“Jangan pernah berhenti bermimpi, karena suatu saat nanti mungkin mimpi kalian akan menjadi kenyataan”.

Begitulah kalimat pada halaman pembuka tampilan website saya bambangpamungkas20.com sebelum berubah menjadi seperti saat in. Salah satu semboyan yang selalu saya pegang kuat-kuat, hinggalah sekarang. Pada artikel ini, saya ingin bercerita tentang sebuah kejadian dalam hidup saya, yang mungkin dapat menjadi contoh dari kalimat sebuah mimpi (tantangan) yang pada akhirnya menjadi sebuah kenyataan.

Bagi teman-teman yang selama ini mengikuti tulisan-tulisan saya, sedikit sebanyak mungkin sudah mengetahui, jika dalam banyak kesempatan saya adalah pribadi yang sering sekali menantang diri saya sendiri. Banyak hal dalam hidup saya, yang saya lakukan dengan tujuan untuk men “challenge” diri saya sendiri.

Cerita ini adalah salah satu contohnya, saat Persija Jakarta menjuarai liga Indonesia 2001.

Apa yang terjadi?

Jika kita lihat dari beberapa dokumentasi foto maupun video perayaan di lapangan dengan seksama ketika itu, boleh dikatakan cukup sulit mencari sosok saya dalam kerumunan selebrasi para pemain Persija bersama piala liga.

Padahal saya adalah pemain terbaik liga. Berhasil mencetak 16 gol sepanjang musim itu, termasuk dua gol kemenangan Persija Jakarta di final. Artinya, tidak ada alasan bagi saya untuk tidak mendapat panggung utama pada malam itu. Namun saya memilih untuk sedikit menepi. Mengapa?

Pertama, karena saya memang bukan tipe pemain yang suka melakukan “victory lap”, sama hal nya ketika saya juara bersama Selangor, dan tim nasional Indonesia (eh ngga pernah juara dengan tim nasional ding ya hehehe). Saat juara piala Presiden 2018, dan liga musim ini pun saya tidak ikut dalam victory lap bersama piala.

Kedua, status saya ketika itu adalah pemain muda (21 tahun), saya ingin menghormati para pemain senior di Persija ketika itu, agar mereka dapat lebih dekat dengan piala.
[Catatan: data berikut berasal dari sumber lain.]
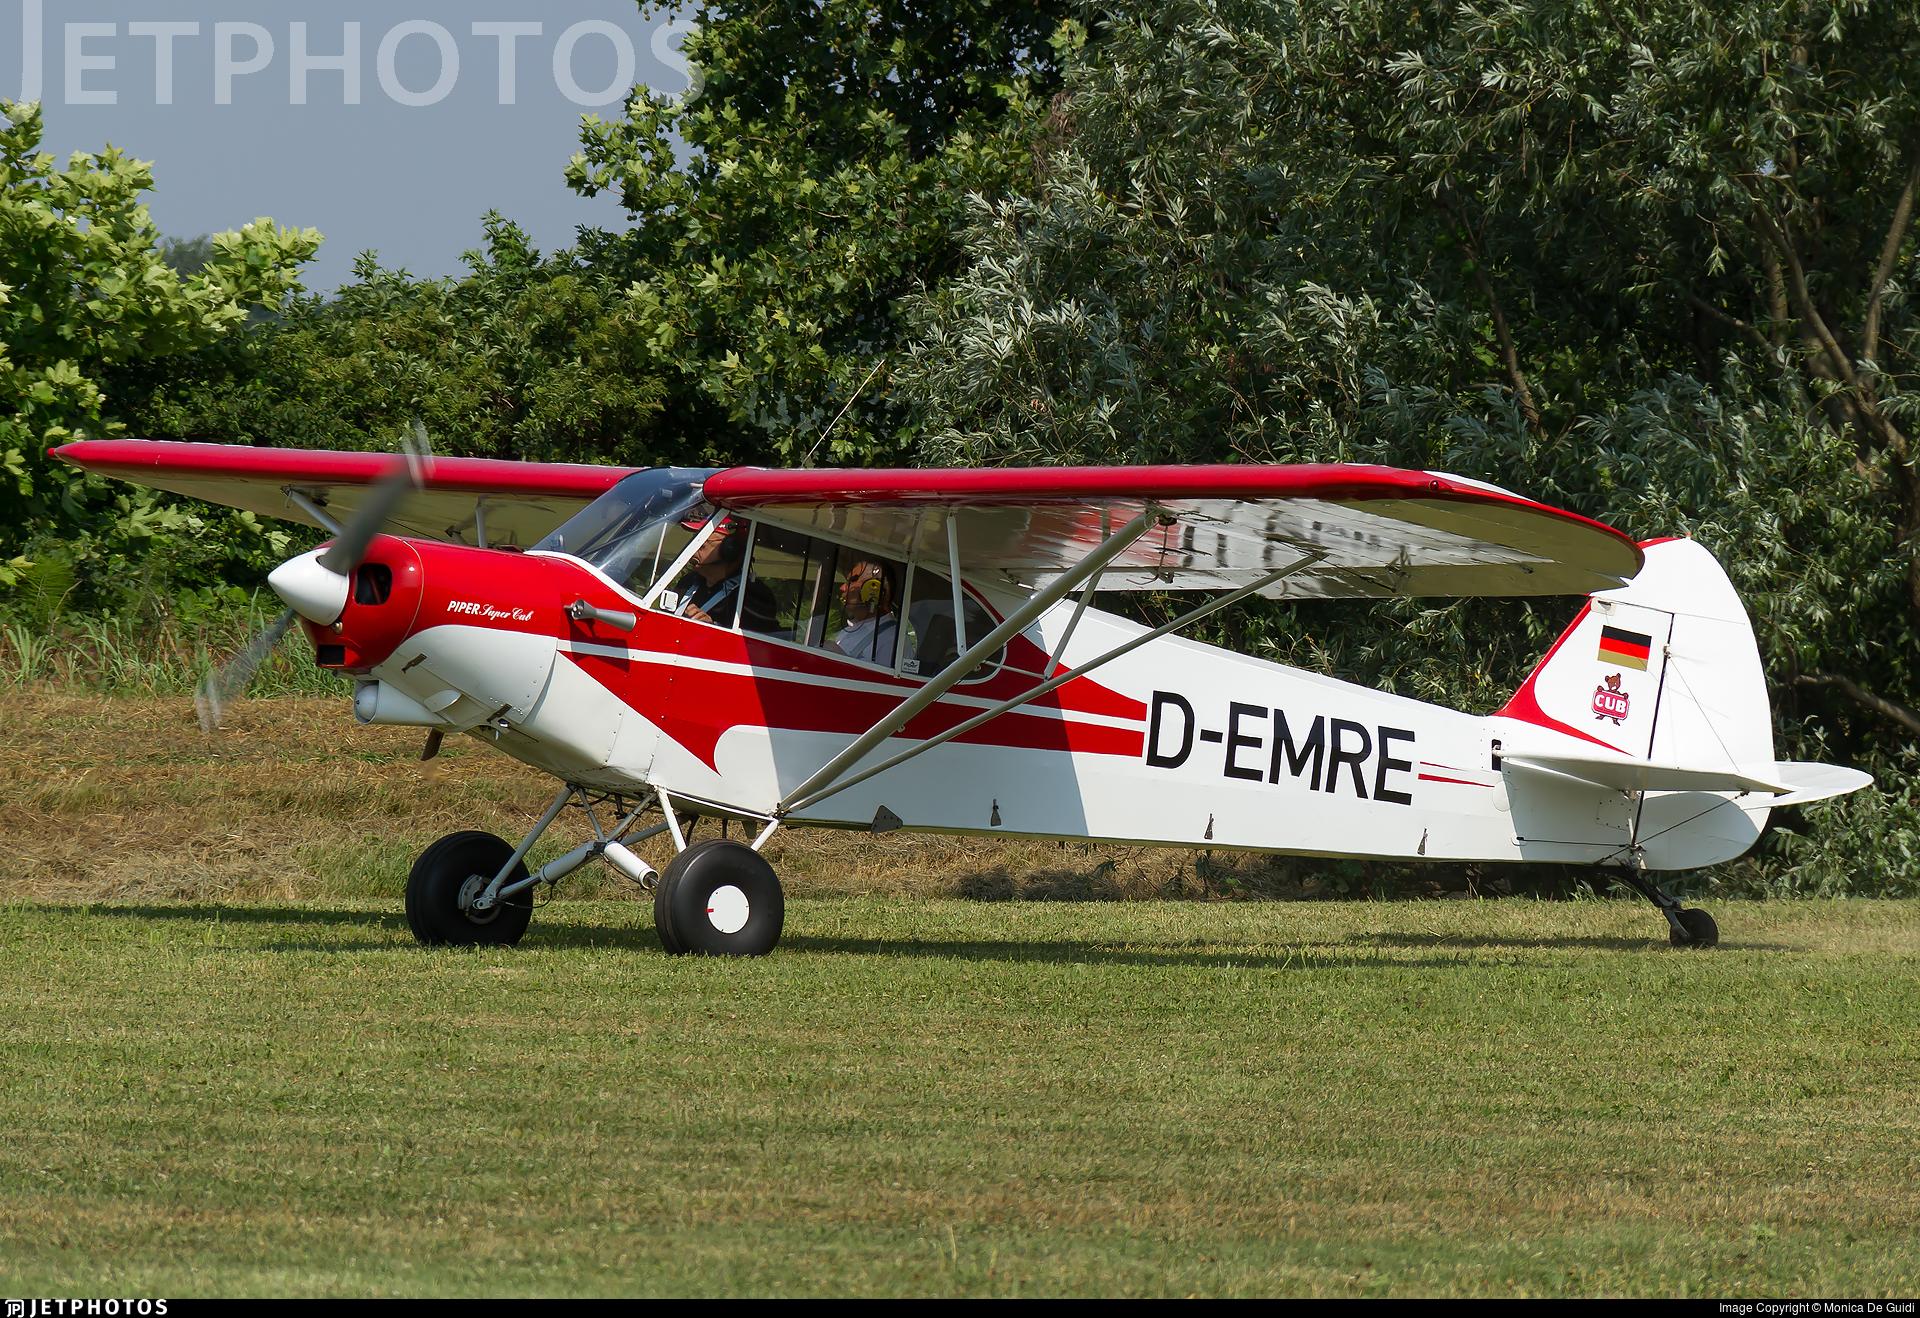 D-EMRE - Piper PA-18-150 Super Cub - Private

Alasannya sederhana, karena bisa jadi piala itu adalah gelar terakhir dalam karir sepak bola mereka.

Oleh karena itu pada foto-foto utama selebrasi tim pada tahun 2001 banyak didominasi oleh para pemain senior. Agak sulit untuk melihat penampakan saya, jikapun ada ya hanya dipinggir-pinggir saja, bahkan dalam beberapa foto tertutup pemain lain, atau malah ter”crop”.

Malam itu saya berbisik lirih dalam hati:

“Saya masih muda, karir saya masih panjang. Suatu saat nanti, saya harus kembali juara bersama tim ini (Persija Jakarta). Dan ketika itu terwujud, saya akan memegang piala tersebut, dan berada di barisan depan saat menerimanya”.

Tahun demi tahun berganti. Pertempuran demi pertempuran saya jalani. Kegagalan demi kegagalan pun mengampiri. Tak mudah untuk menata asa yang sudah sering terkoyak. Namun tidak sedikitpun terbersit keinginan untuk menyerah.

Tujuh belas tahun kemudian, di usia saya yang ke tiga puluh delapan, tantangan tersebut baru dapat saya jawab.

 

Satu cerita lagi terjadi pada tahun 2012:

Tahun 2012 menjadi salah satu musim terberat saya bersama Persija Jakarta. Ketika itu Persija Jakarta diterpa begitu banyak permasalah, hingga akhirnya membuat saya dan beberapa pemain harus pergi.

Ketika itu saya berbicara kepada Andritany yang juga harus pergi selama setengah musim dari Persija. Saya tahu Ia sangat terpukul, saya pun coba membesarkan hatinya:

“Ini adalah pilihan yang sangat sulit, namun tim sebesar Persija Jakarta harus dapat menghargai pemainnya. Suatu saat nanti kita akan kembali ke sini, dan kita akan balas dengan gelar juara”.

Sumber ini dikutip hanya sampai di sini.